Entries follow. Return each line that contains the word "London".

Stored items.
──────────
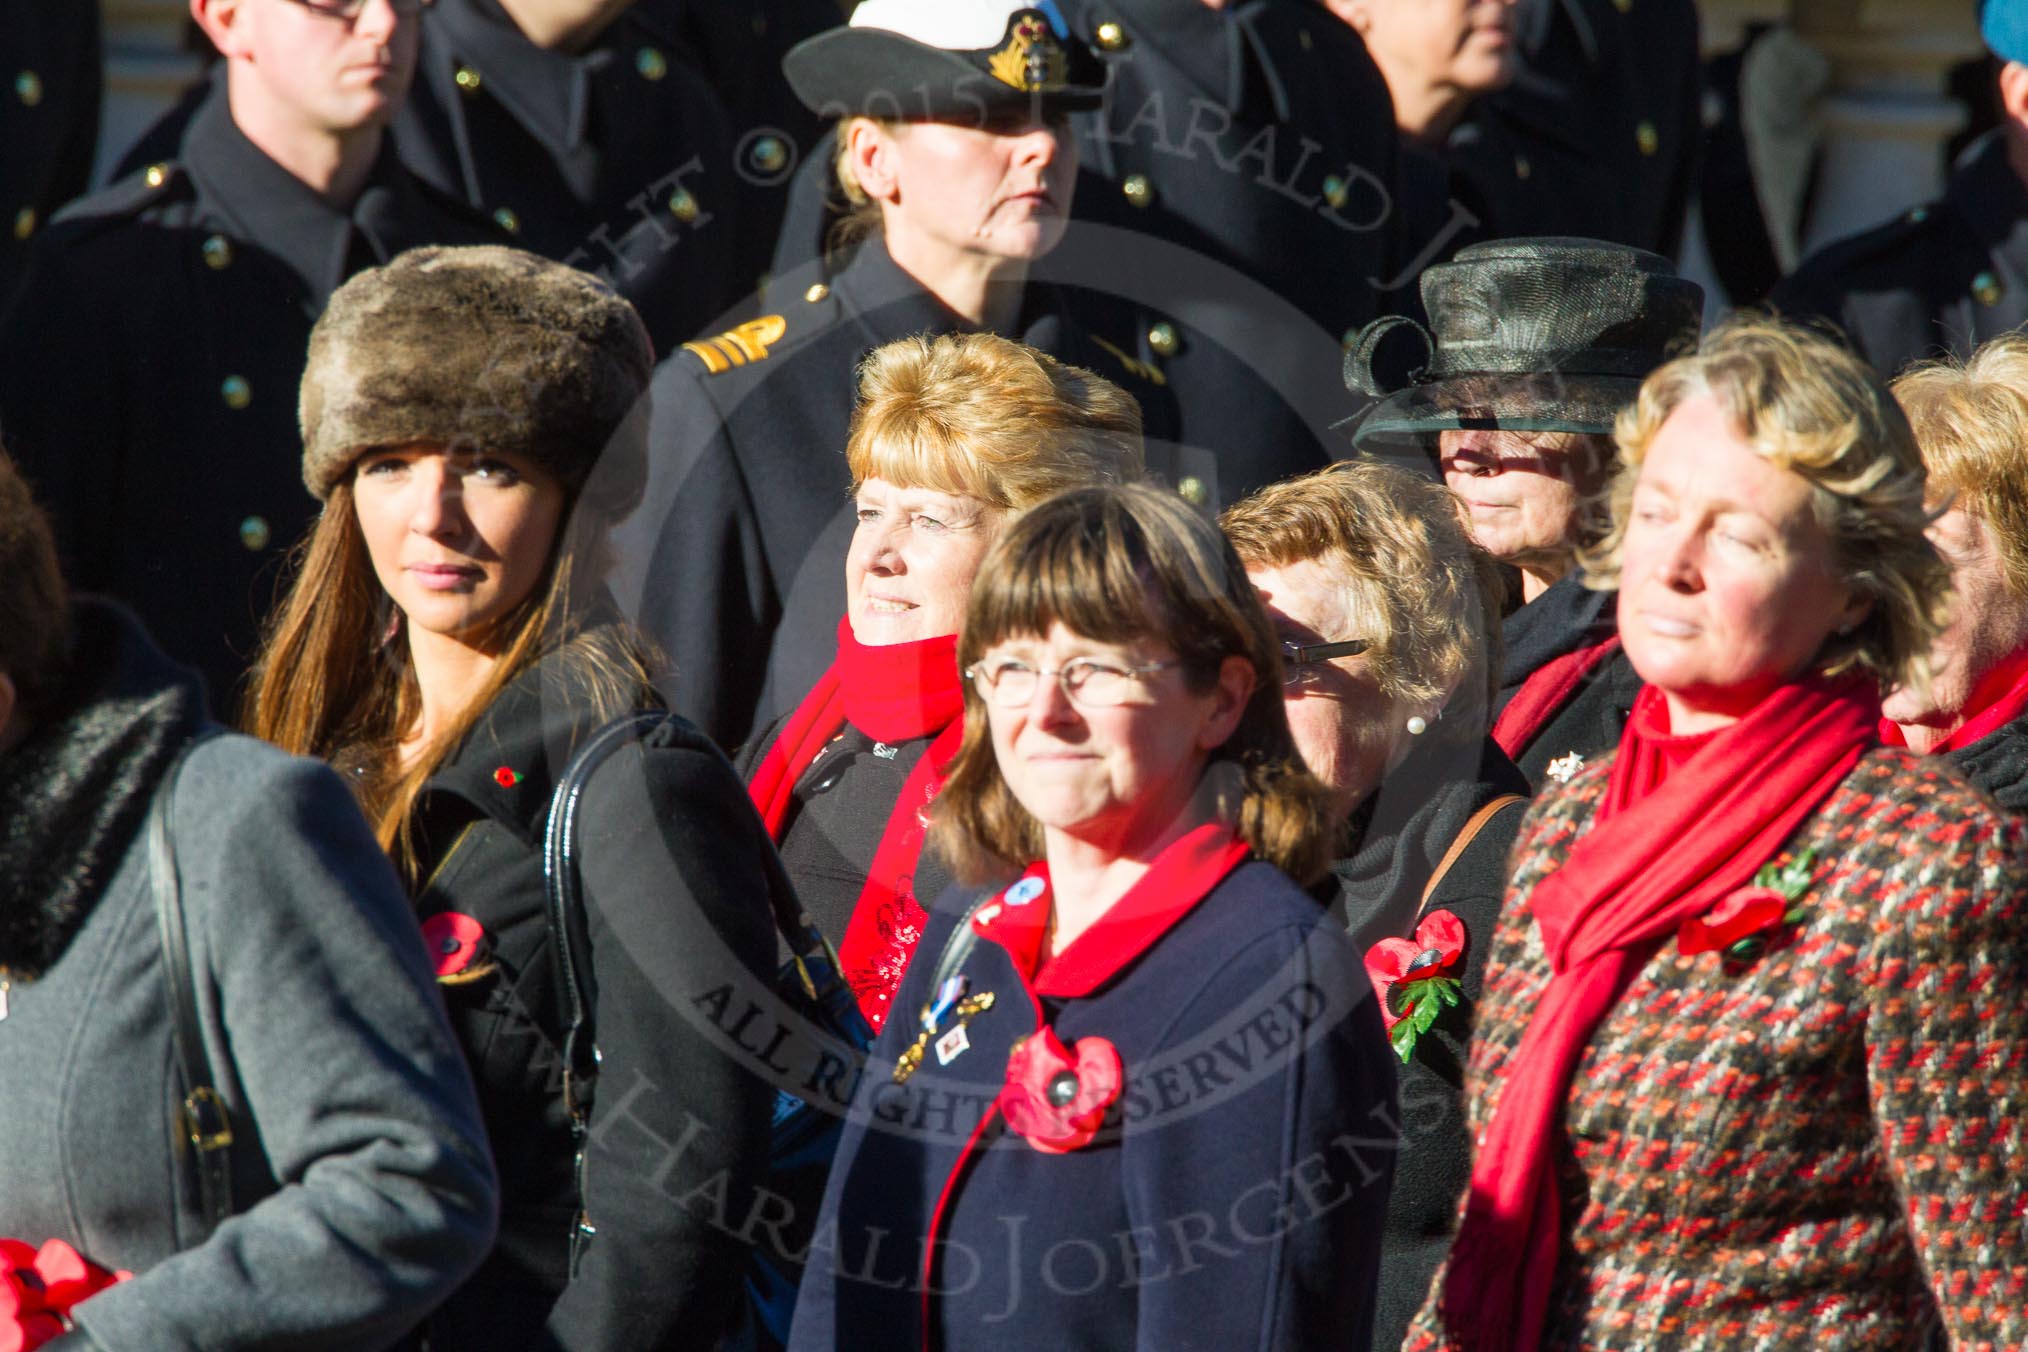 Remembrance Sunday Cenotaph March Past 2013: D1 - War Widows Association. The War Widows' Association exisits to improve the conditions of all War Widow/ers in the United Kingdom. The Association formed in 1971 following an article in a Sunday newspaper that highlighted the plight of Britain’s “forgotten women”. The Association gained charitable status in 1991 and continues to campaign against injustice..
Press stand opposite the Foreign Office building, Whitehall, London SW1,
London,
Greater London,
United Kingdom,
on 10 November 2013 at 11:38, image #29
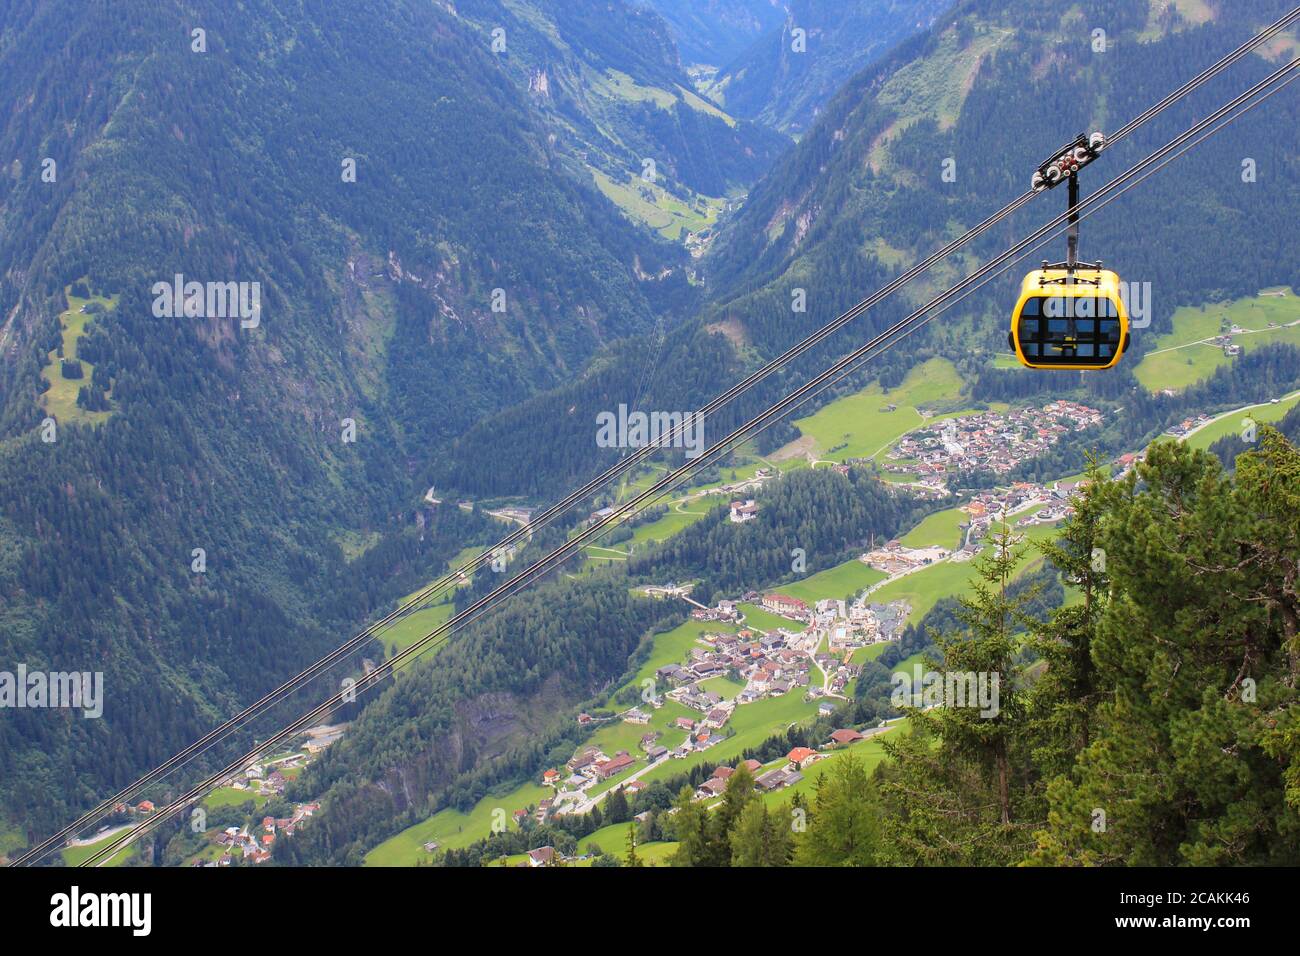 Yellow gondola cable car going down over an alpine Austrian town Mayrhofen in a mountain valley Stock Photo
──────────
OUTPUT FOR THIS TASK.
Press stand opposite the Foreign Office building, Whitehall, London SW1,
London,
Greater London,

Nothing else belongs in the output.